The doorway, positioned left of the middle of the house front, contains a 4-panel top-glazed door. A small window opening just to the right of the doorway occupies the original 18th-century doorway position. Wide window openings to the left and above are 18th-century: the first-floor window is an 18th-century 18-pane 2-light horizontal sliding sash, and the later 3-light horizontal sash to the ground floor is set over a heightened sill. To the right of the doorway is a 4-pane sash with a circa early 19th-century 16-pane hornless sash above (probably dating to when the doorway was altered). A 12-pane hornless sash is positioned to the right of the lateral chimney, with a glazed door in a former window opening farther to the right; a circa early 19th-century 16-pane hornless sash sits above this. The outbuilding front has a wide first-floor window opening with a fixed casement, but the ground floor is concealed by a 19th-century piggery set at right angles to the front. At the rear, above a blocked doorway, is a reused flat chamfered 17th-century lintel. Two 4-pane sashes and otherwise 20th-century windows are present.

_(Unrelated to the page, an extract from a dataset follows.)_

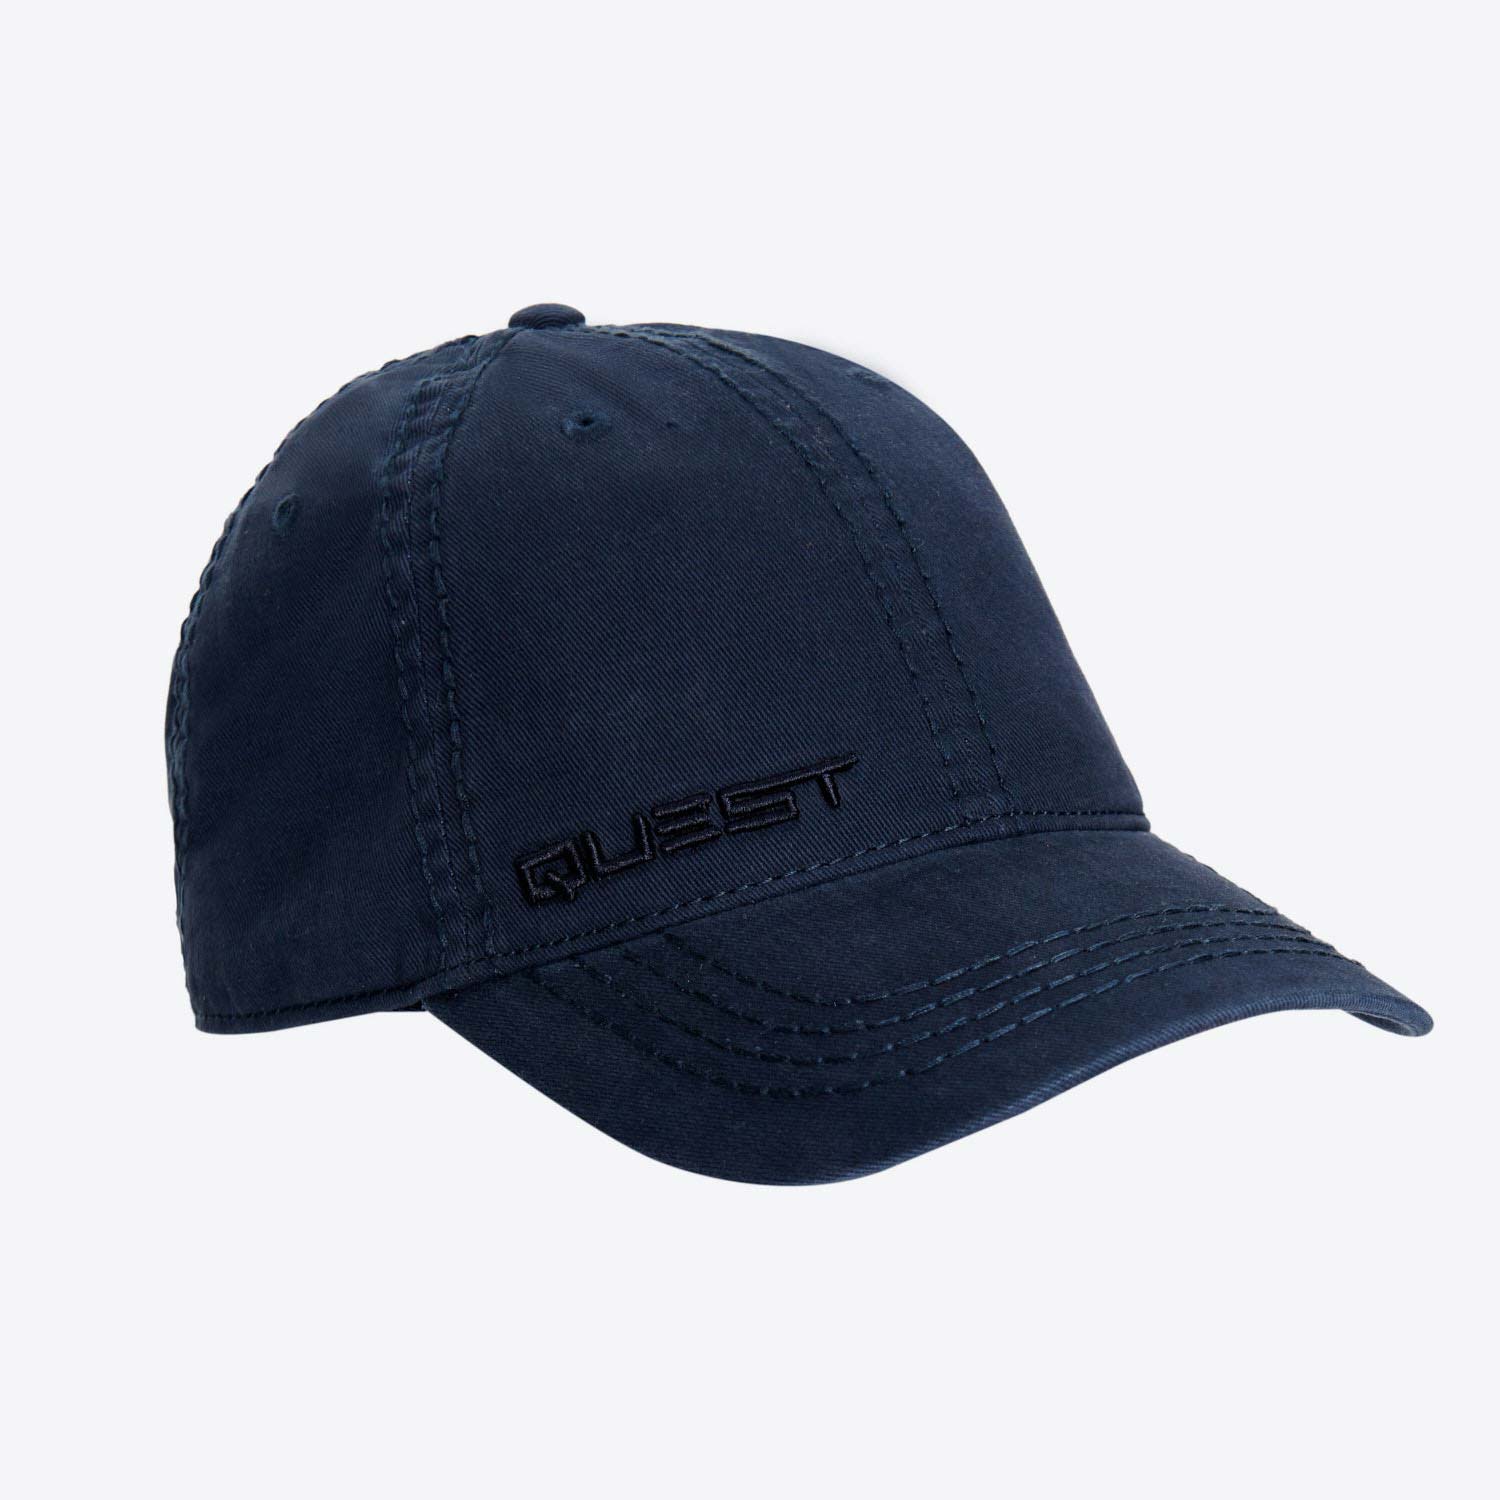 Comprar la gorra LA azul oficial

A shuttered hatch providing access to a cellar or basement is set into the projecting outshut. A low 19th-century garden wall adjoins the left-hand side at right angles to the front: it is coursed dressed granite with granite coping surmounted by wrought-iron railings with spear-head finials. Gabled granite monolith gate piers support an original wrought-iron gate with a swagged top rail.

The outbuildings are mostly 19th-century and incorporate some 17th-century dressed stone, including fragments of mullioned windows. The part adjoining the right-hand end of the house as a lean-to and continuing as a wing to the rear may be 18th-century. This lean-to serves as a piggery with its doorway facing away from the house and was extended in a similar manner in the 19th century to the front. The buildings parallel to the rear of the house are built partly cut into the slope at the rear, with fronts facing the same direction as the farmhouse. Where still covered in scantle slate, the roofs are hipped.

The barn behind the right-hand side of the house has stone steps within the courtyard and a first-floor loading doorway. The section projecting to the right beyond the farmhouse has ground-floor doorways with windows between, and a first-floor winnowing doorway with a doorway in the rear wall opposite, linked to the bank by a stone ramp. A window to the right of the doorway and a former window to the left (later built against) are present, with pigeon holes under the eaves between. Adjoining the right-hand side with its front slightly set back is another bank barn with a lower roof line. Ground-floor openings only face the front, with doorways and windows between. Access to the loft is via a rear doorway linked to the bank by a ramp rebuilt in the 20th century. On the far right is a single-storey building with three openings to the front and a later outshut to the rear, roofed in corrugated asbestos.

Linked to the front of the garden, with the garden wall adjoining to the rear left and a piggery adjoining to the rear right, is a former cottage and former cartshed. The cottage, now with a monopitch corrugated iron roof, has a 2-room plan with a nearly central doorway to the front and a small window on either side. The openings are spanned by reused 17th-century chamfered granite fragments.

A stone formerly in the churchyard wall commemorated a member of the Coade family of Sethnoe.

Sethnoe is one of the best farmhouses in the parish, hardly altered since the 19th century, retaining much 18th-century fabric and sufficient 17th-century work to indicate its former quality and importance.